(PROVIDED DATA)

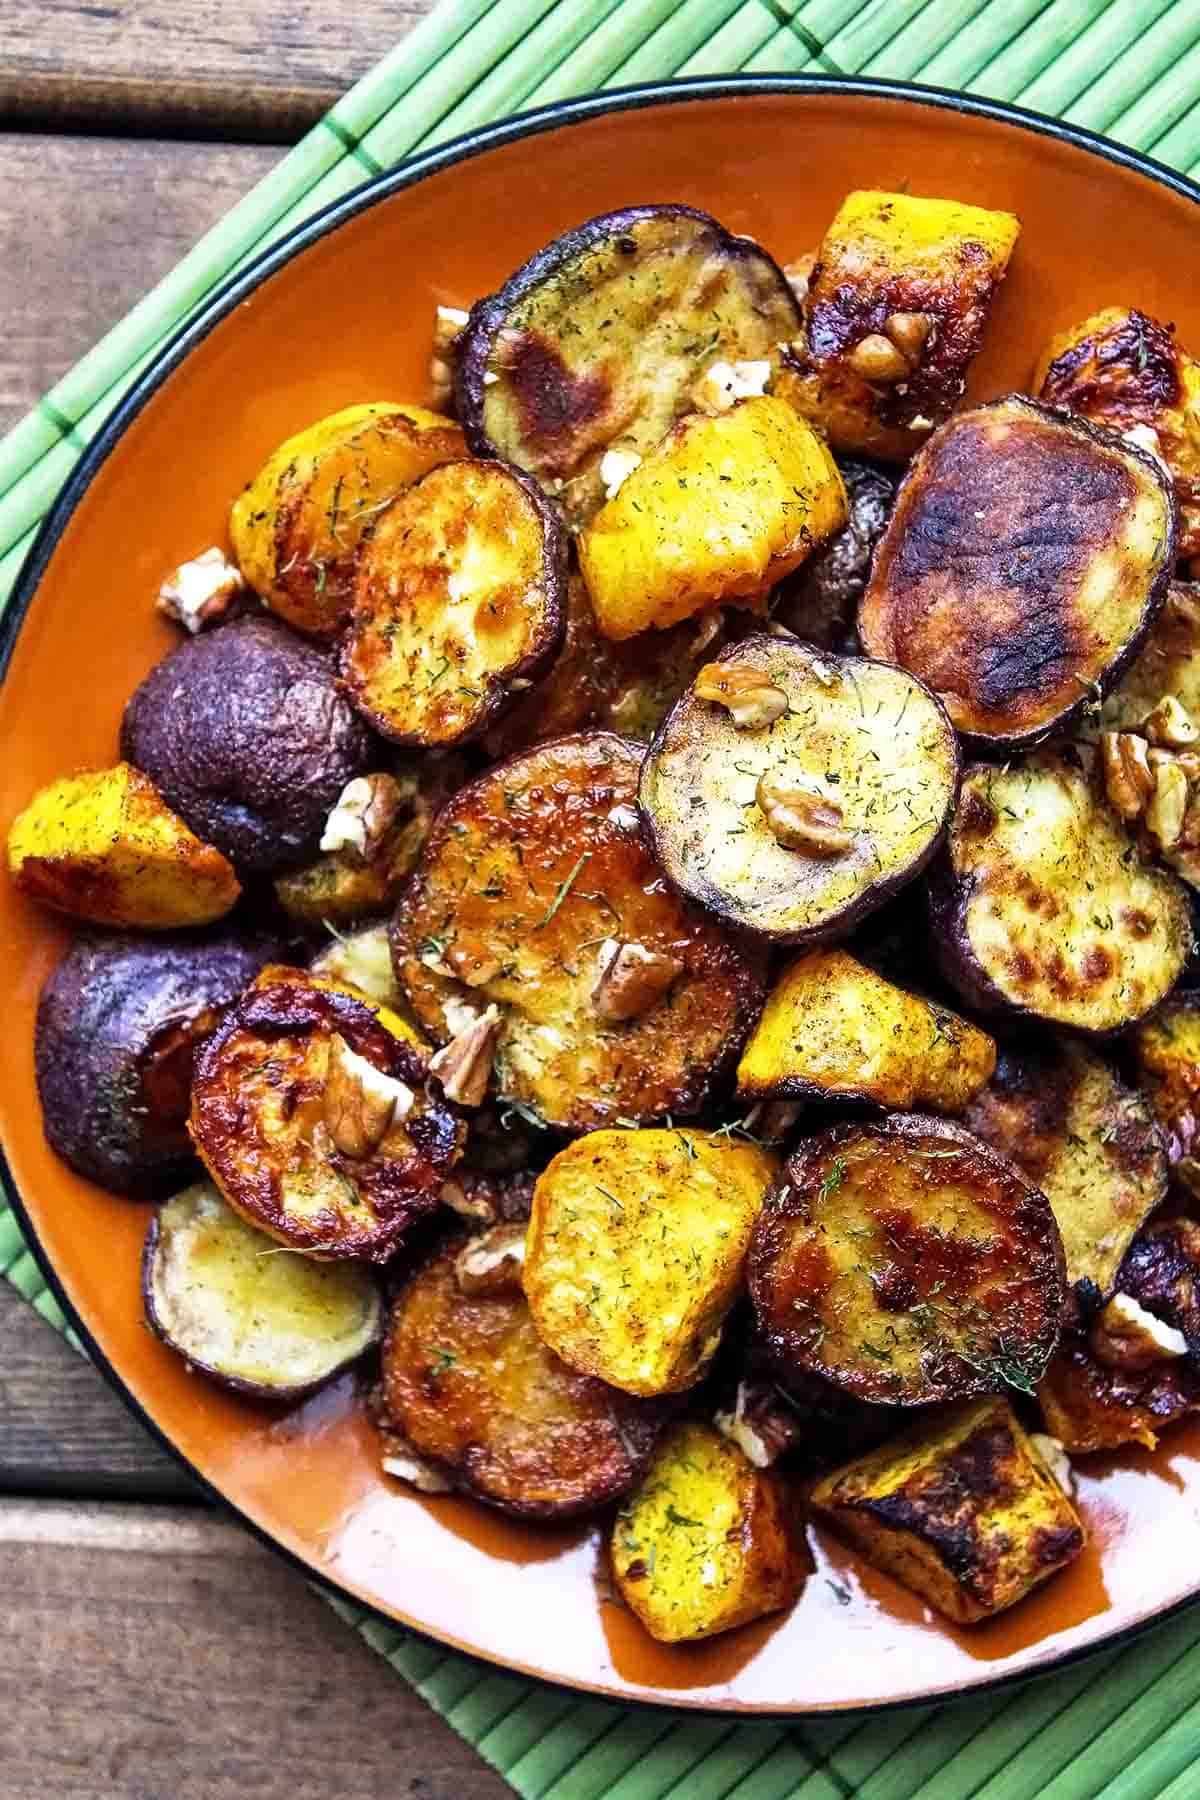 orange plate on green placemat with roasted potatoes and squash cubes
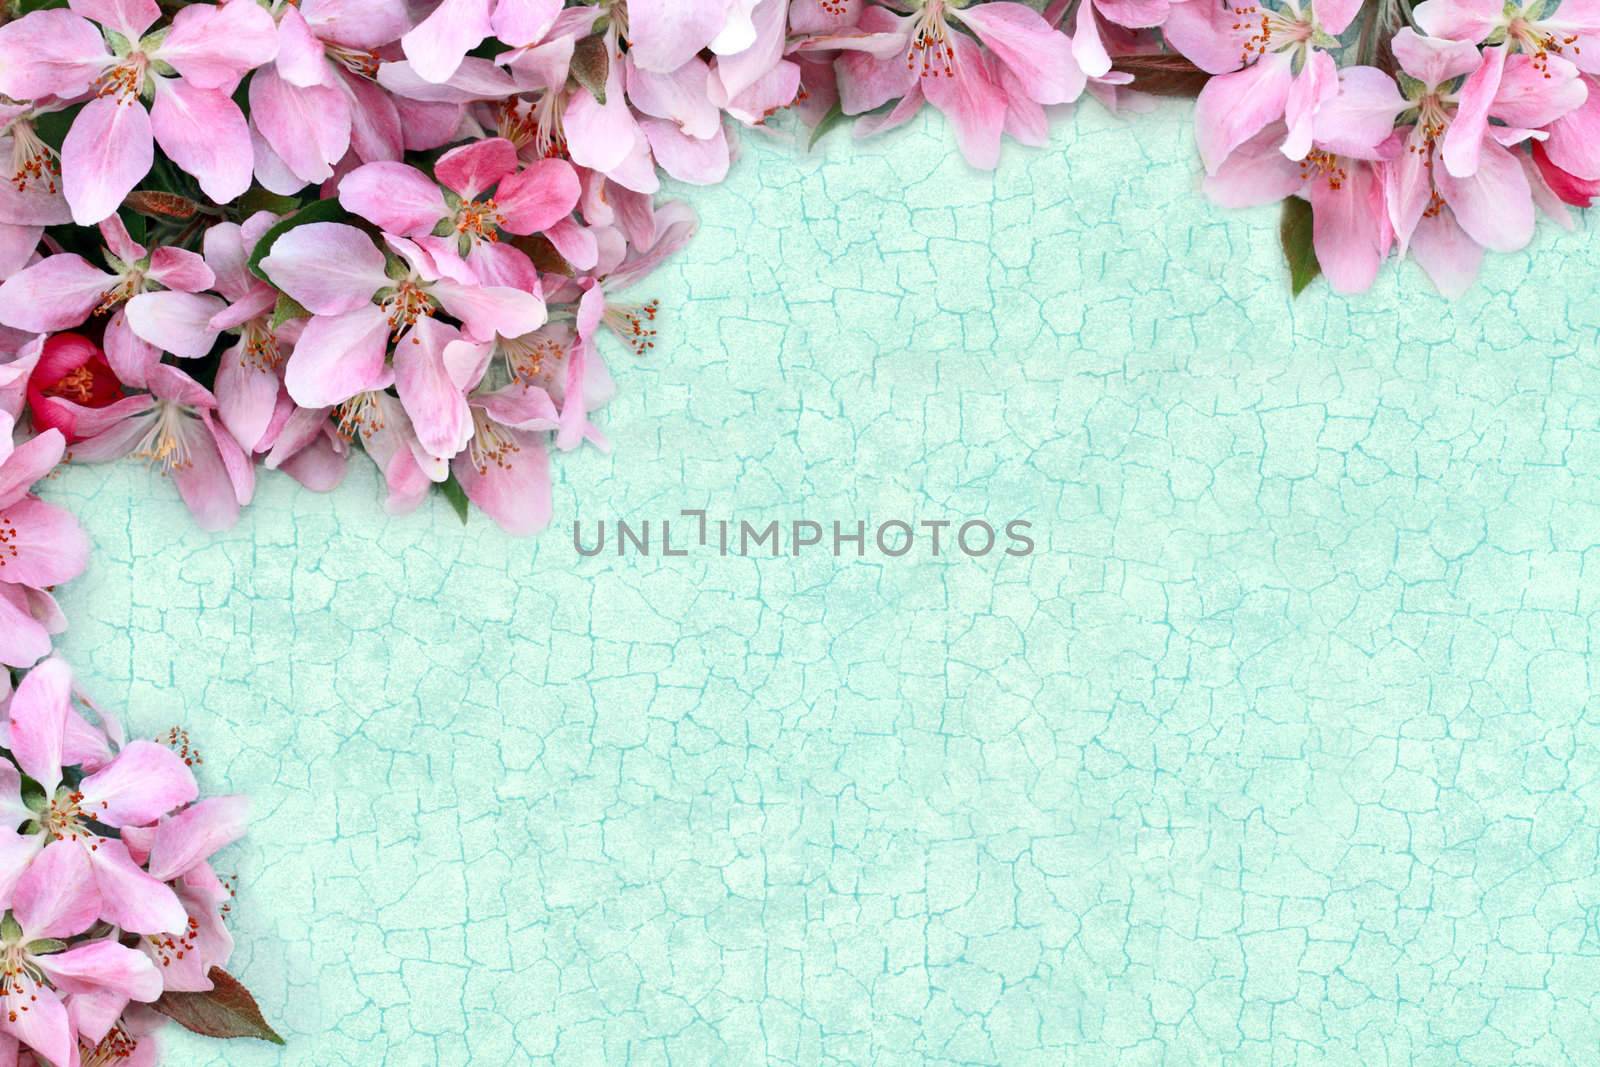 Floral craquelure background with room for your text.
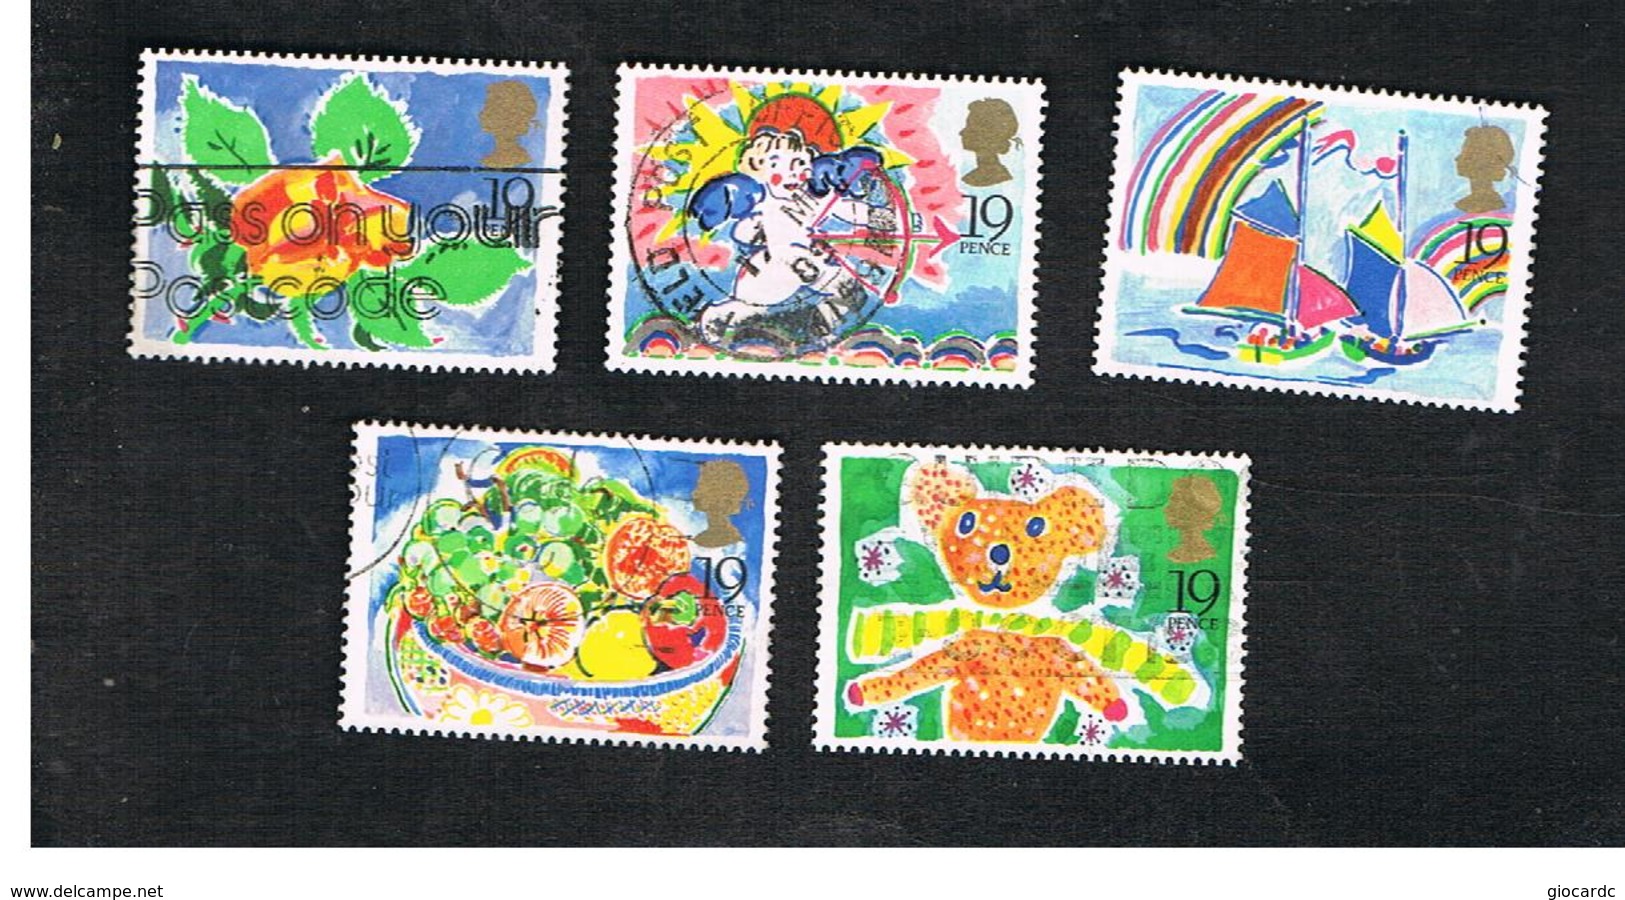 GRAN BRETAGNA (GREAT BRITAIN) - SG 1423.1427 -  1989  GREETINGS STAMPS (COMPLET SET OF 5 FROM BOOKLET)  - USED - Usati

(End PROVIDED DATA)

DIRECTIONS FOR THIS TASK> A verbatim copy of the material is needed; pictures are not to appear in it.

ANSWER BOX>
 orange plate on green placemat with roasted potatoes and squash cubes
 Floral craquelure background with room for your text.
 GRAN BRETAGNA (GREAT BRITAIN) - SG 1423.1427 -  1989  GREETINGS STAMPS (COMPLET SET OF 5 FROM BOOKLET)  - USED - Usati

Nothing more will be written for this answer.